Metal Particles: The existence of both observable and subvisible particulate matter can pose risks during the whole biologic drug development, packaging, and delivery process.

A lot of sources of possible particulate contamination exist. Inherent particles, similar to protein aggregates, originate from the formula itself. Substantial contamination risks may also stem from intrinsic sources such as filter fibers or metal fragments from processing equipment, or even glass processors from primary packaging.

Extrinsic sources such as clothing or hair fibers also pose a risk of contamination, with other potential contaminants including organic, inorganic, protein, and metal particulates.

Raman spectroscopy provides users the ability to chemically fingerprint organic, inorganic, and protein particles, LIBS may be used to conduct elemental analysis, identifying metals and inorganics.

The identification of particles is carried out by matching their elemental and compound spectra with incorporated LIBS and Raman reference databases. Alongside these built-in databases, it is also possible to include custom reference spectra, allowing identification to be tailored to a specific procedure.
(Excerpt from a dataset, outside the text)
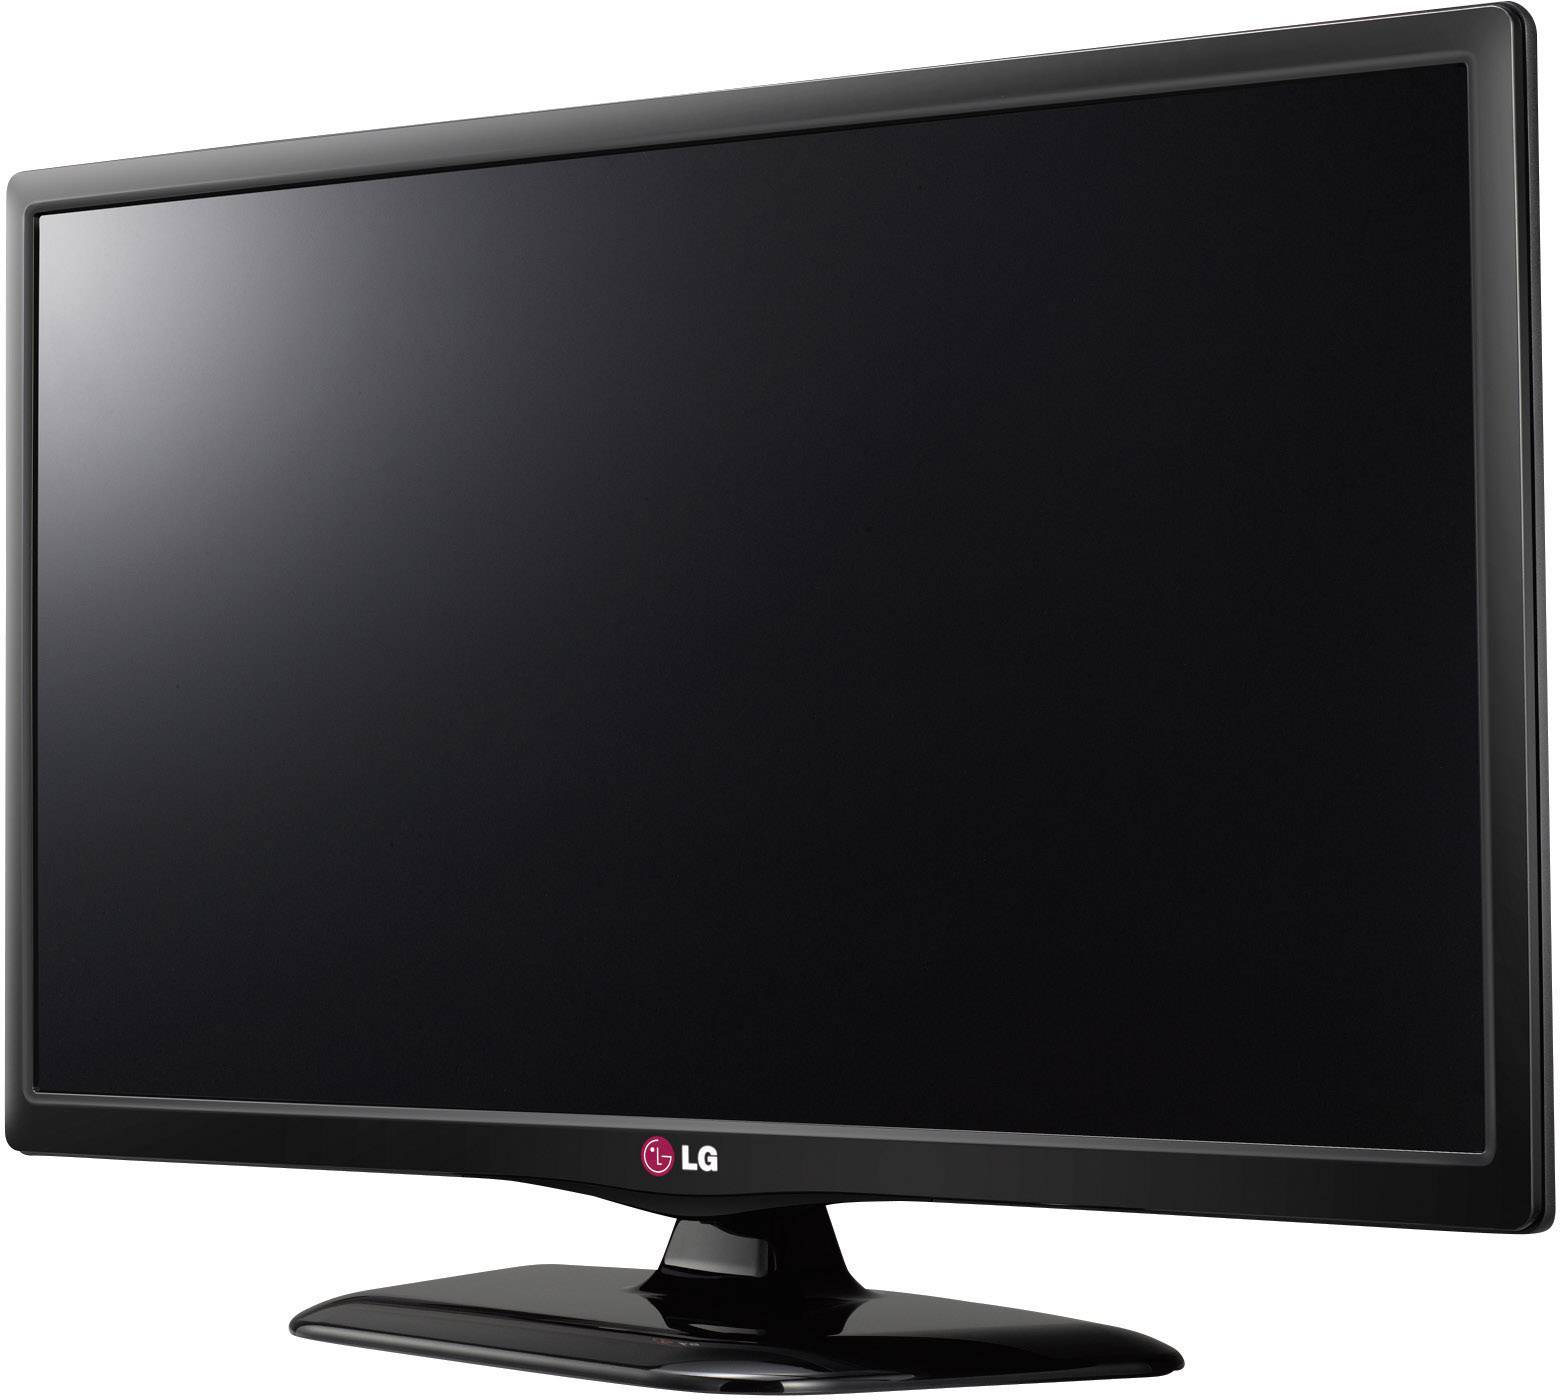 Качество телевизора lg. LG 28lb450u. Телевизор LG 28lb450u. Телевизор LG 28lb450u 28". Телевизор led 22 LG 22lf450u.
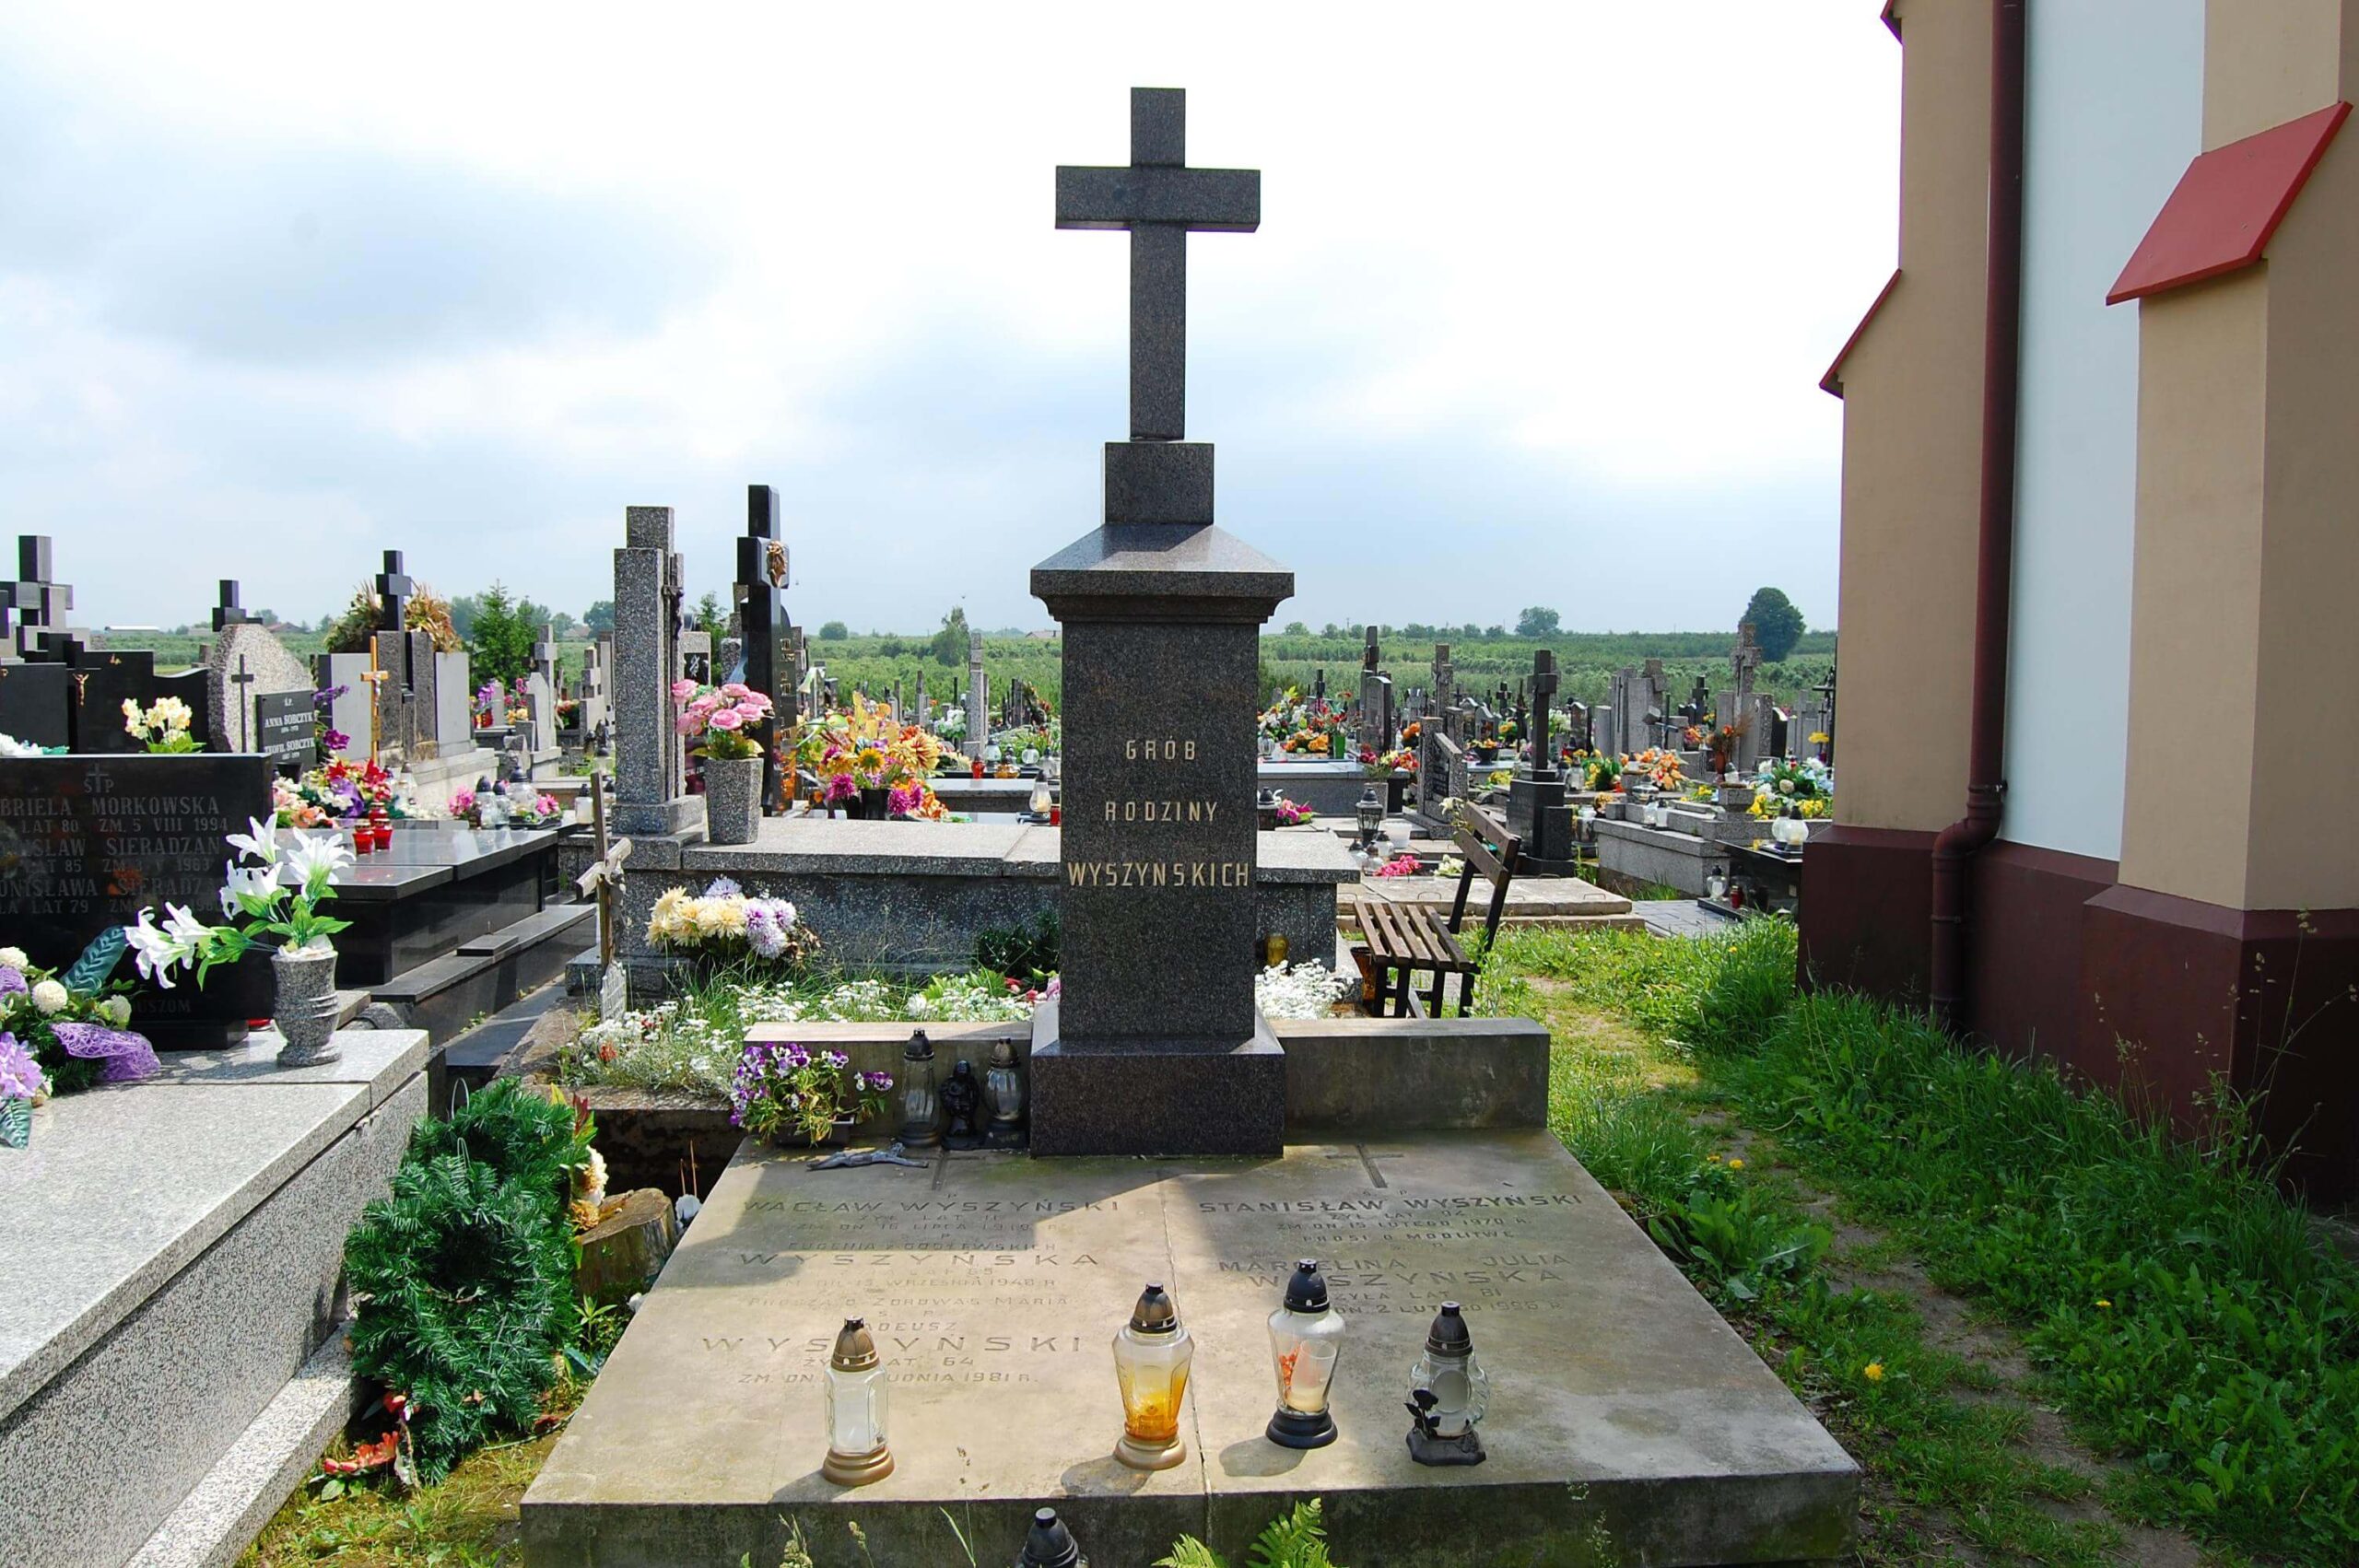 Cmentarz we Wrociszewie

LIBS was employed to identify the elemental composition of five separate inorganic contaminants: a bottle cap fragment, a metal crimp cap fragment, copper wire, a syringe needle fragment, and a glass shard. Additionally, a custom reference database of items found in the test laboratory was used to identify the specific source of the metal cap fragment.

Visible particles were created by cutting or pruning materials frequently found in a lab. Metal particles were obtained from four distinct sources: a bottle cap, a common syringe needle found in the laboratory, a metal crimp cap from Wheaton Industries, and aluminum jumper wire. A glass particle was sourced from lead-barium glass shards.

Metal Particles Distribution

Each sample was prepared by placing the particle onto a nitrocellulose membrane glued to an aluminum mesh backing to set up an adhesive round. The glue round was completely dried before particle identification took place.

The glue round included five particles, all of which were automatically analyzed using LIBS. Next, the adhesive round was set on the Hound tool and the entire sample area was imaged with a 10x scanning objective.

The majority of the particles present were identified via one LIBS measurement. Particles that owned an outer coating (in this case, copper wire) necessitated the use of repeat measurements at the identical spot — this enabled the device to burn through the outer coating prior to collecting a measurement that allowed particle identification.

Spectra from each particle were assessed with the built-in LIBS reference database, allowing an identification. A match position between the sample itself and the reference spectra was calculated by multiplying the Pearson correlation by 1000.

Two repeated LIBS measurements were necessary before the composition of the copper wire could be recognized. The initial measurement provided an unidentified result, but this was able to burn through the cable’s outer coating.

With an expandable customized reference database and LIBS, the operator can produce an extremely specific reference spectrum of any substances used within their procedure or lab. This powerful functionality enables users to properly identify the exact origin of a particle if contamination is detected in the future.